YOUR SOLIN GENERATED RECIPE
Seared Salmon Fillet with Steamed Asparagus and Herbed Brown Rice
Pan-seared salmon fillet served with tender steamed asparagus and fluffy herbed brown rice, finished with a buttery and zesty lemon glaze.
INGREDIENTS
7 ounces Salmon Fillet
1/2 cup Cooked Brown Rice
1 cup Asparagus spears
1 teaspoon Extra Virgin Olive Oil
1 tablespoon Fresh Parsley, chopped
1 tablespoon Lemon Juice
PREPARATION
Prepare the brown rice according to package instructions or use pre-cooked rice and warm it through.
Season the salmon fillet with a pinch of sea salt and black pepper.
Heat the olive oil in a non-stick skillet over medium-high heat.
Place the salmon in the skillet skin-side down and sear for 4 to 5 minutes until the skin is crispy.
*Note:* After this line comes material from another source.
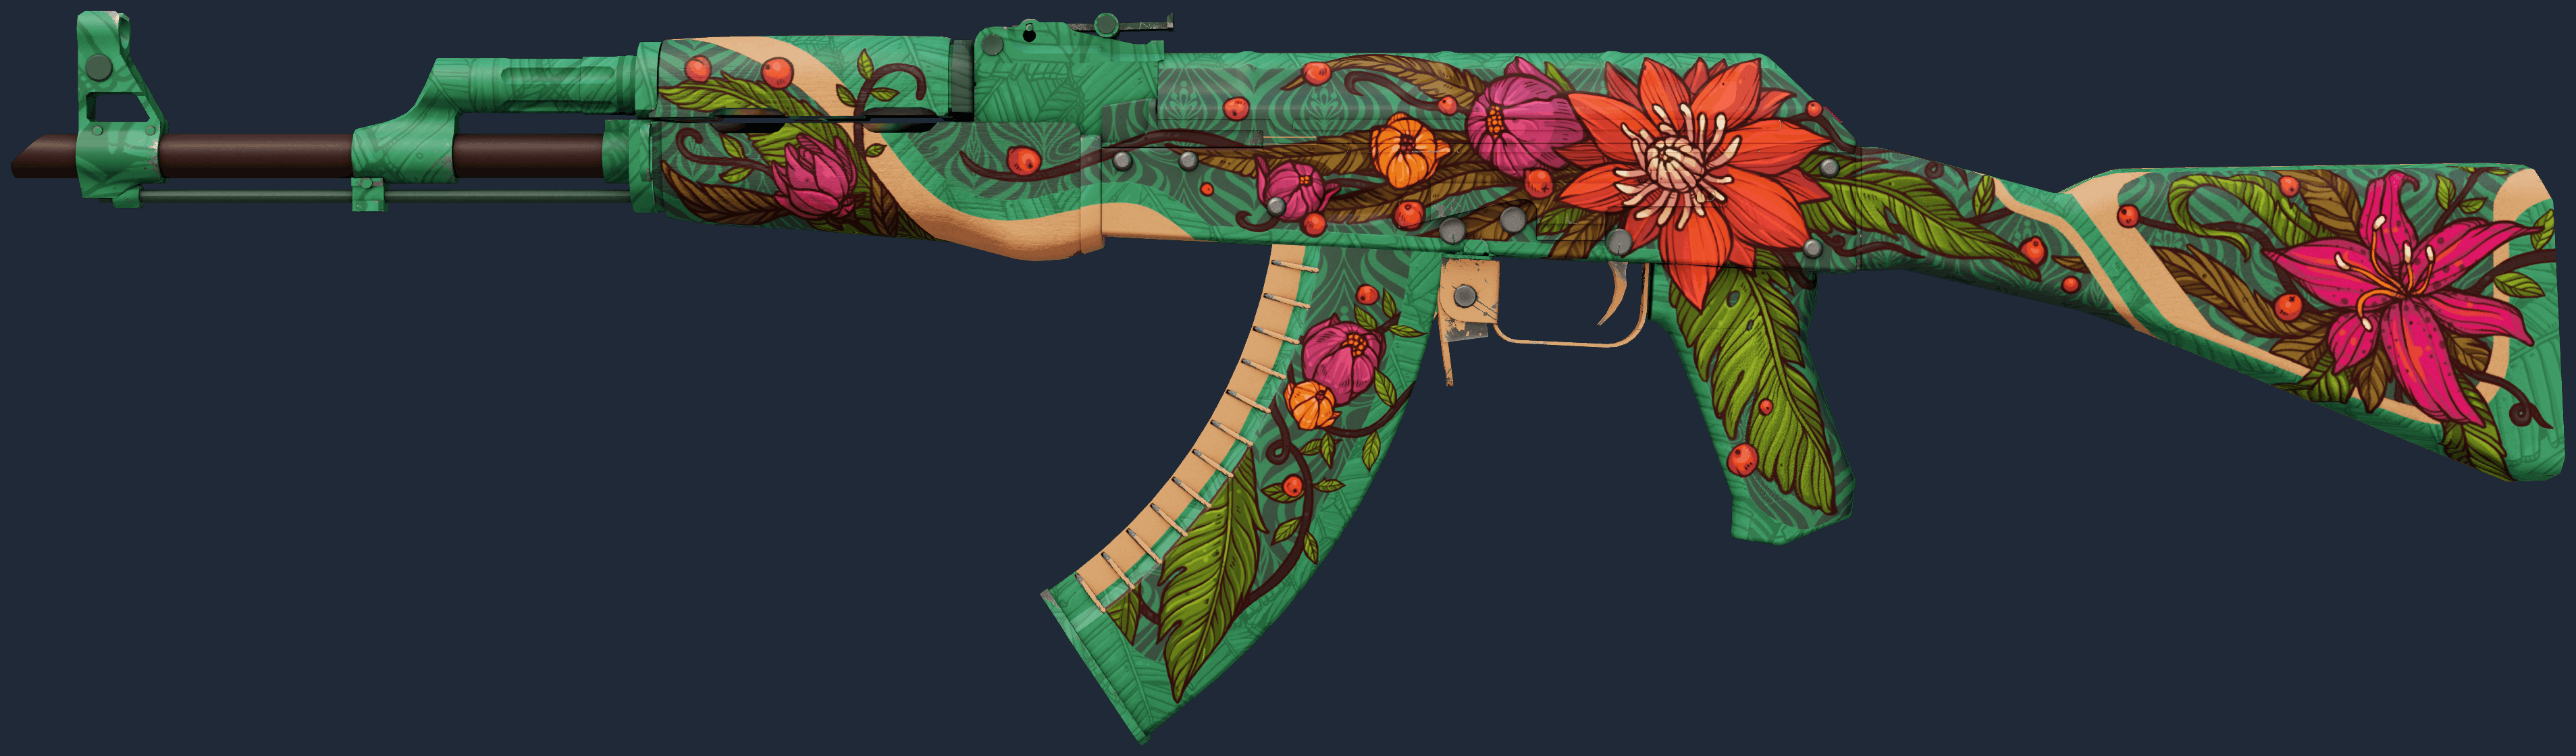 AK-47 | Wild Lotus Screenshot

Flip the salmon and cook for another 3 to 4 minutes until it reaches your desired level of doneness.
While the salmon cooks, steam the asparagus for 3 to 5 minutes until it is tender-crisp and vibrant green.
Stir the fresh chopped parsley into the warm brown rice.
Plate the salmon alongside the herbed rice and steamed asparagus.
Drizzle the lemon juice over the salmon and vegetables just before serving.